Leave all sense of shame and propriety at the door - when LOBOTOMY ROOM returns to its new home, the subterranean Bamboo Lounge of East London Art Deco boîte de nuit Fontaine's! Friday 28 August 2015!

At last - a club night for the hillbilly beau monde! LOBOTOMY ROOM! Where sin lives! A punkabilly booze party! A spectacle of decadence for the permissive Continentally-minded! A Mondo Trasho evening of Beat, Beat Beatsville Beatnik Rock’n’Roll! Rockabilly Psychosis! Wailing Rhythm and Blues! Twisted Tittyshakers! Punk Cretin Hops! Kitsch! Exotica! Curiosities and other Weird Shit! Think John Waters soundtracks, or Songs The Cramps Taught Us, hosted by Graham Russell (of Dr Sketchy and Cockabilly notoriety). Expect desperate stabs from the jukebox jungle! Savage rhythms to make you writhe and rock!

Admission: FREE!

Lobotomy Room: Faster. Further. Filthier.

A tawdry good time guaranteed!


/ Twist, damn it, twist! Vicious 1964 sexploitation shocker Olga's Girls. See the sordid trailer here

Friday 28 August represented the third installment of my monthly Mondo Trasho punkabilly booze party Lobotomy Room (a club night to corrupt! Seething with intrigue! Where passion simmers and boils - waiting to explode!) at its new spiritual home / natural habitat, the basement Bamboo Lounge of Fontaine’s. It really felt like things were finally clicking into place. On a good rewarding night like this, doing a Lobotomy Room can feel like a shuddering nightmare of ecstasy.

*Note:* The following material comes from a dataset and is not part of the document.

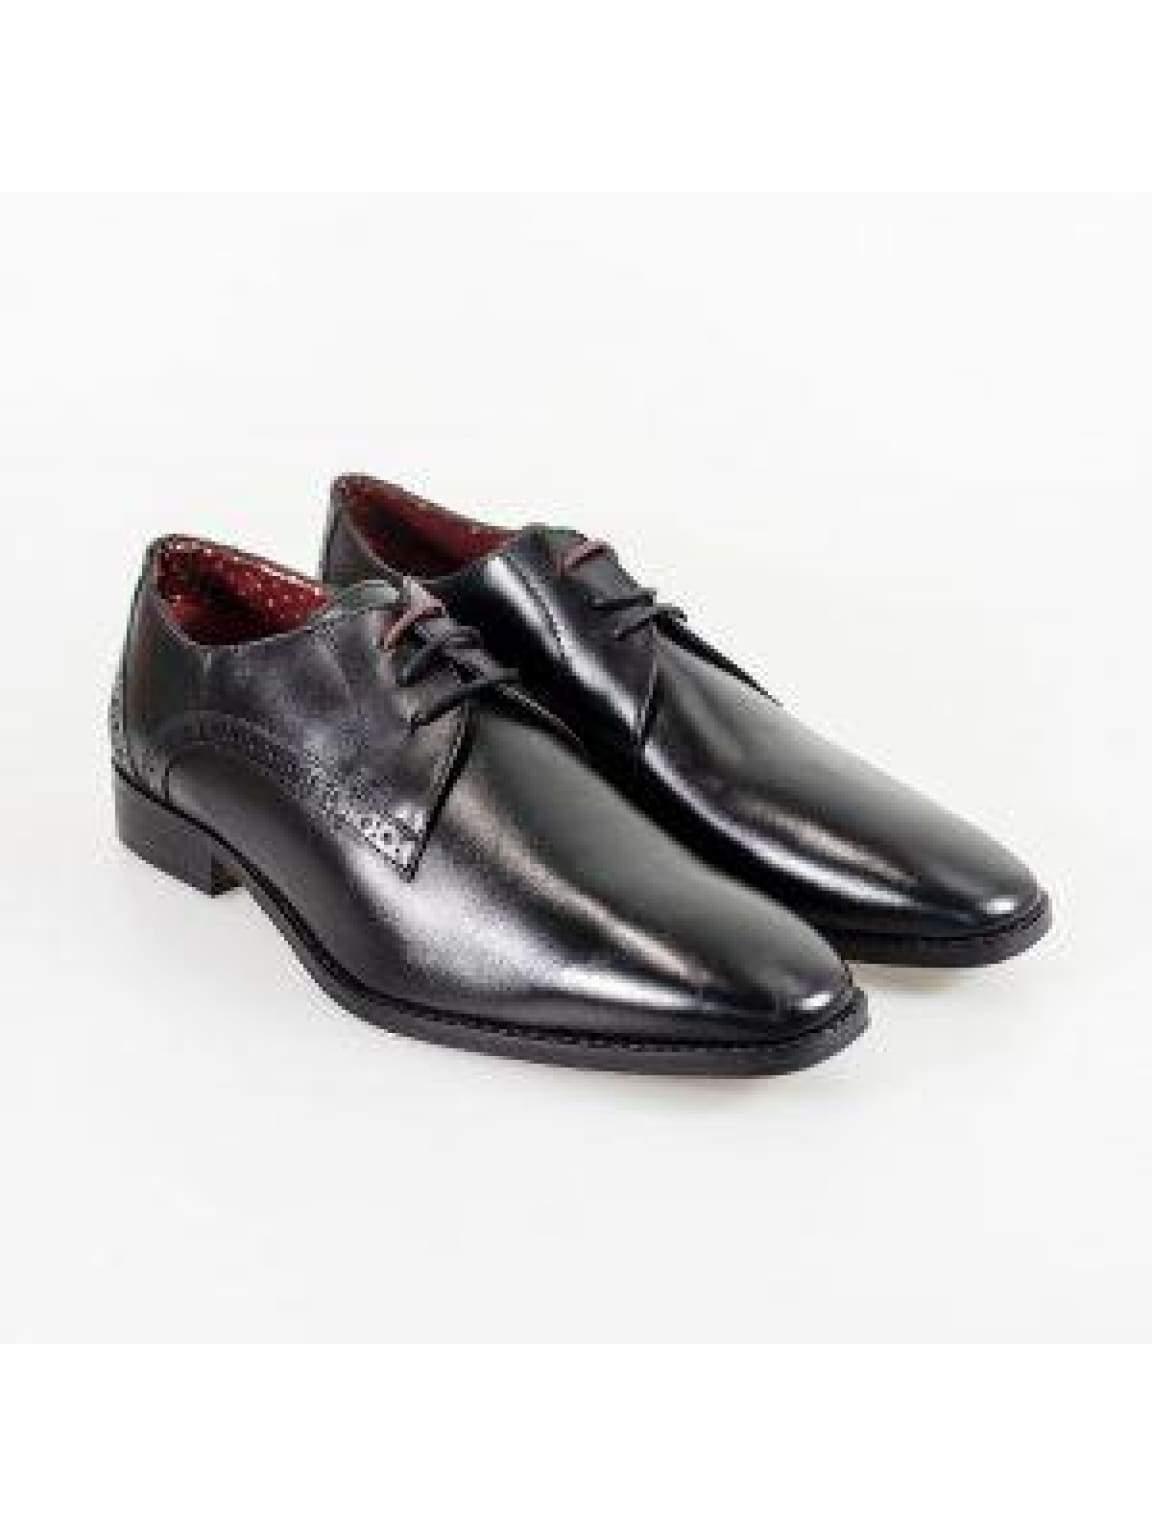 Cavani John Black Mens Leather Shoes - UK7 | EU41 - Shoes

One definite bonus: at last I’m using a venue with a properly functioning DVD player hooked-up to a big screen (Fontaine’s regularly hosts movie nights) and I can finally project rancid atomic-era vintage erotica while I DJ – an extra touch I’ve always yearned for! As well as sentimental favourites Varietease (1954) and Teaserama (1955) which feature burlesque icons like Tempest Storm, Bettie Page and cat-faced Lili St Cyr in their prime, I’ve added some more recent titillating acquisitions. No matter what I’m playing, the frantically go-go dancing ultra vixens like Lorna Maitland and Babette Bardot in Russ Meyer’s buxotic sexploitation masterpiece Mondo Topless (1966) seem to be shakin’ it in perfect time to the music. Later I pushed the envelope a bit (I waited until the end of the night when everyone was drunk and loosened-up) and stuck on a compilation of fifties and sixties beefcake homo porn from Bob Mizer’s Athletic Model Guild focusing on bad boys and hoodlums (think sailors, prisoners, black leather-jacketed bikers and juvenile delinquents). One for the connoisseurs of (reform school-tattooed) firm male flesh! Well-stuffed posing pouches a go-go! Some of the female attendees (and probably some of the males, too) were mesmerized by the homoerotic spectacle.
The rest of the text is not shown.